Joyce is the central literary figure in the study, surrounded by substantial discussion of four other authors (Thomas Hardy, D. H. Lawrence, Oscar Wilde, and Virginia Woolf), and Theodor Adorno is the informing theoretical presence. My one minor reservation about the book concerns the emphatic reliance on Adorno, which is a strength that will present a challenge worth meeting for readers not already sufficiently familiar with Adorno’s thinking. Castle lucidly presents aspects of Adorno relevant to his argument, and he regularly coordinates details of his readings of specific narratives with brief citations from Adorno. Some readers will wish that terms such as instauration occurred less often than they do. The vocabulary and concepts enable the canny case that Castle builds for the dialectical negativity of the modernist Bildungsroman, which involves essentially standing in more than one place in a self-defining process of participant observation that avoids totalizing perspectives and institutional pressures to conform. My reformulation brings out the utopian impulse in Castle’s argument, which he tempers from the outset by emphasizing the failure of the modern protagonists to achieve the traditional goal of harmonious self-integration. The emphasis on failure points implicitly to Samuel Beckett, who is mentioned only twice.2 As in Beckett, the word “failure” names a self-correcting dynamic that is undeluded about its own tendency to lapse into inauthenticity.

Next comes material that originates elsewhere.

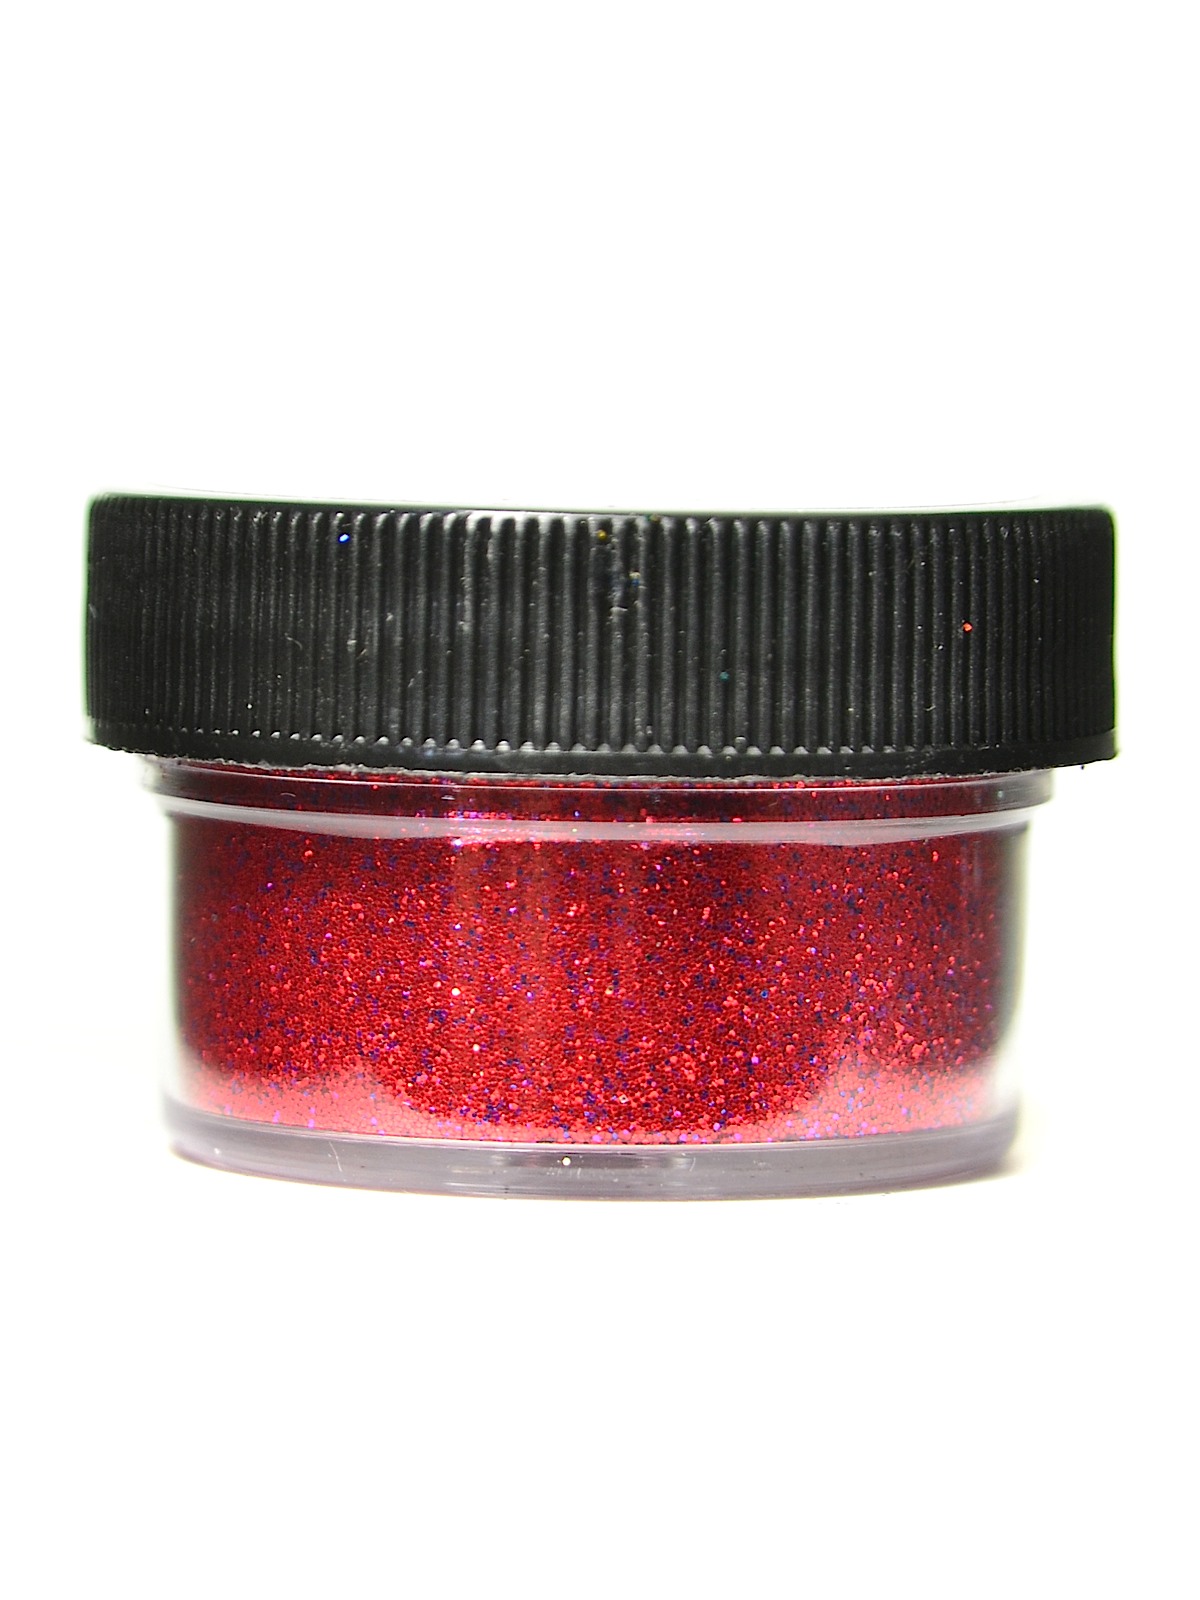 Ultrafine Opaque Glitter Cranberry 1 2 Oz. Jar

Castle frames the study carefully in a lengthy introduction. Then, in chapter 1, he sketches (with specific reference to modernity, modernism, and subjectivity) the persistence of Bildung as a concept in the twentieth century. In chapter 2, he pursues readings of Hardy’s Jude the Obscure and Lawrence’s Sons and Lovers. Chapter 3, “Bildung and the ‘Bonds of Dominion,’” focuses on Joyce, Wilde, and the Irish modernist Bildungsroman as central to the argument. Chapter 4 concerns narratives about women in Woolf (Mrs. Dalloway and A Voyage Out) and Joyce (the “Nausicaa” episode of Ulysses). In a brief conclusion that points forward to postmodern and postcolonial writing, Castle extends and reformulates his argument about modernism’s radically conservative generic transformation. In addition, there are a lengthy bibliography of works cited, twenty pages of references that provide a guide to research relevant to this strong-minded book’s general perspectives, and specific readings.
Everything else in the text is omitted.